I must admit that Blomkamp had created a great concept. And I also thought it was clever of him to use documentary-style film making to describe the aliens' arrival on Earth. Also, he was fortunate to hire actor/writer Sharlto Copley for the leading role. I thought Copley gave an excellent and complex portrayal as the unfortunate bureaucrat, Wikus van der Merwe. I also enjoyed the film's special effects and some of Trent Opaloch's cinematography. But in the end, I believe that Blomkamp had tripped himself with some questionable plot lines and his portrayal of the Nigerian gangsters.
There are some aspects of the plot that bothered me. One, how did the South Africans managed to board the mother ship from helicopters? And two, how was the mother ship able to hover over Johannesburg for nearly three decades without any liquid fuel or command module (which had dropped from the ship years earlier) to move it or keep it up in the skies? I also found the action sequences featured in the movie's last half hour to be rather over-the-top at times. Blomkamp seemed to have read Michael Bay's handbook on filming action sequences. And then there were the Nigerians.

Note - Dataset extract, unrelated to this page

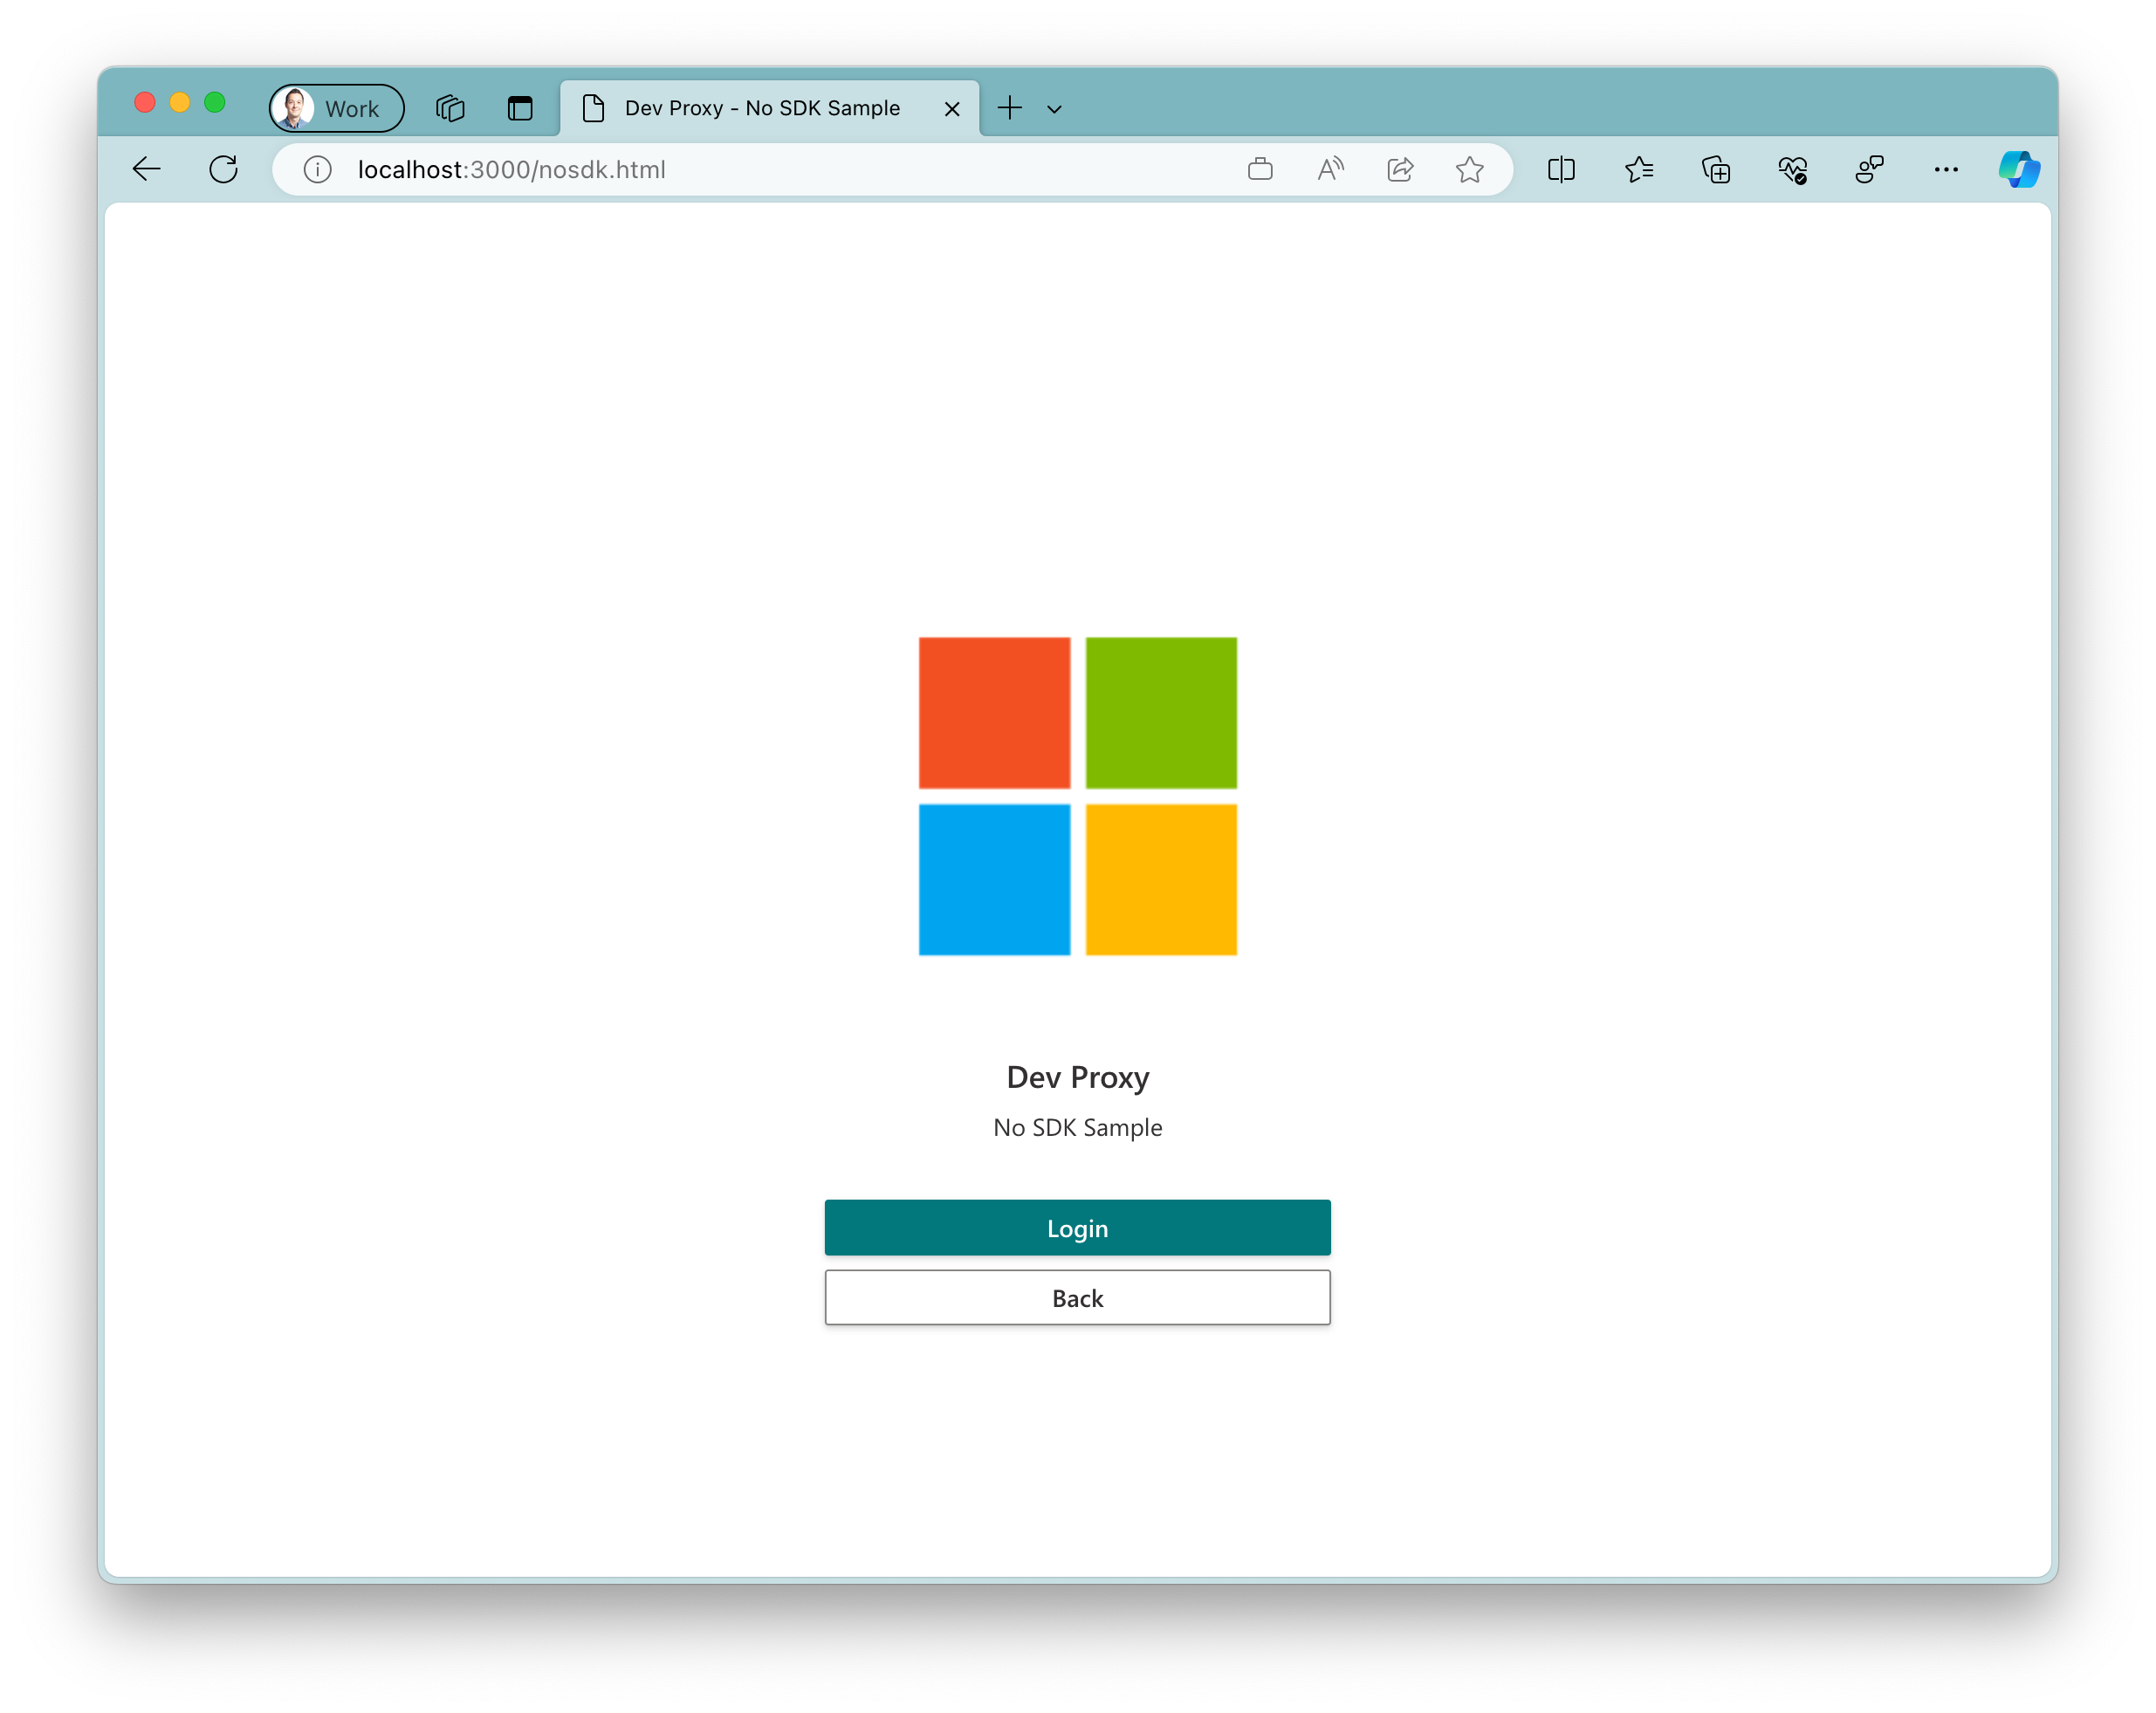 Снимок экрана: пример приложения, запущенного в браузере Microsoft Edge на Windows 11. Приложение отображает большой логотип Майкрософт с двумя кнопками под ним. Основная кнопка с текстом

Blomkamp's allegory about apartheid was certainly given full support from his portrayal of the white and black South Africans' intolerance toward the stranded aliens. But he had undermined his message with an offensive portrayal of Nigerian gangsters who lived in Johannesburg. The gangsters are led by a wheelchair-bound Nigerian, who is told by his shaman (called "witch doctor" in the film) to consume the flesh of aliens in order to regain his health. In fact, an early scene in the film featured a white South African female in the movie's mockumentary who commented that the Nigerians harbored a "superstition" that the aliens' flesh would be able to cure many of humanity's ailiments. And the only females willing to have sex with another species - namely the aliens - are Nigerian women. It was quite clear in the film that no white or black South African females were willing to commit such an act. Considering the South Africans' (both white and black) negative views of Nigerians, I am not surprised. As I had stated earlier, the Nigerian gangster's shaman is referred to as a "witch doctor" - a term that many non-Christian or non-Muslim Africans would find offensive. In fact, I found the movie's portrayal of the Nigerians to be very offensive. Judging from the terms they used and their accents, I suspect they were portrayed by South African actors. And as a relative of mine had pointed out, the Nigerians portrayed in "DISTRICT 9" may have regressed the motion pictures' portrayal of blacks a good five hundred years.
I wish I could say that I liked "DISTRICT 9". As I had earlier pointed out, Blomkamp's decision to use the relationship between the stranded aliens and their South African hosts could have served as a perfect allegory to apartheid. But the the drawn-out action sequences in the movie's last half hour and its portrayal of the Nigerians turned me off. In the end, I found "DISTRICT 9" to be a disappointing film.